Для последней книги гения всех времен и народов была изготовлена специальная бумага, на которой была видна как сквозь туман фактура дерева. Обложку делали вручную из кожи молодых козлят. После дубления и выделки на нее наносили специальное тиснение. Говорят, штамп был уничтожен в присутствии комиссии сразу после изготовления последней обложки. Все экземпляры книги были номерными. На каждом стояла собственноручная подпись председателя комиссии, принимающей тираж. Ни одна книга не попала в книжные магазины и не была продана с рук из-под полы. Гений завещал, и завещание было выполнено. Все книги разыгрывались в прямом эфире. Каждый увесистый томик после шума, сопровождавшего выигрыш, паковали в непрозрачную черную пленку, опечатывали и вручали курьеру. Никаких почтовых услуг — только курьер, только из рук в руки!

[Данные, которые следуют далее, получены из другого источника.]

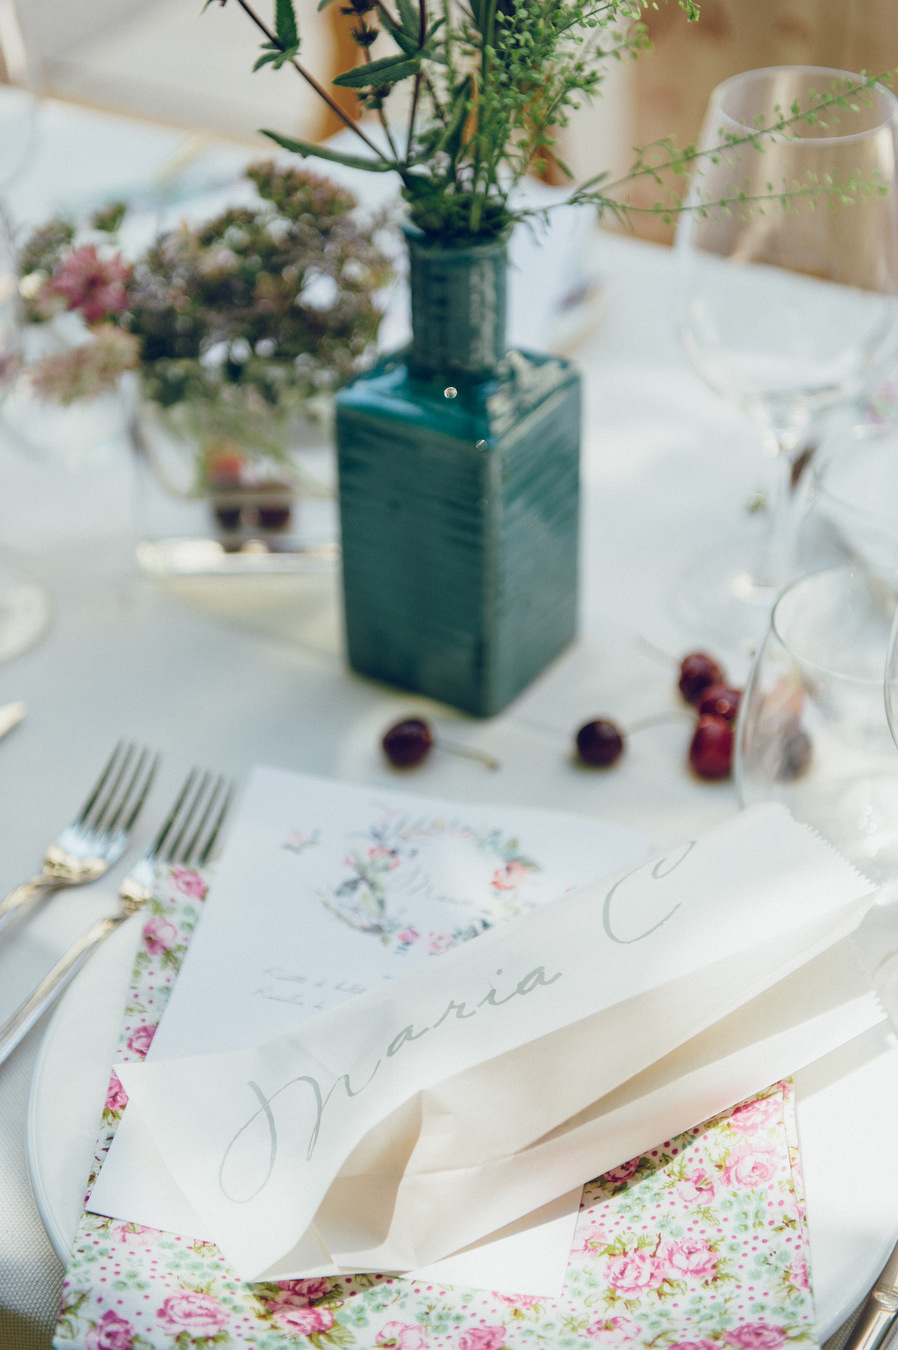 calista-one-lista-de-bodas-online-blog-de-bodas-calista-one-summer-party-2016-wedding-planner-dpleis-4

Иванов Василий Васильевич участвовал в розыгрыше чисто из принципа. Он не был поклонником творчества гения. Он вообще читал только и исключительно фантастику и еще иногда, когда просто скучно было, детективы. А всякие там букеры-шмукеры он не признавал. Но тут — это же такой подарок можно сделать! У него как раз была кандидатура на такой подарок, и поэтому Василий Васильевич отвечал на все вопросы, нажимал кнопки, поднимал руку, кричал — делал все то, что предлагалось сделать участникам розыгрыша.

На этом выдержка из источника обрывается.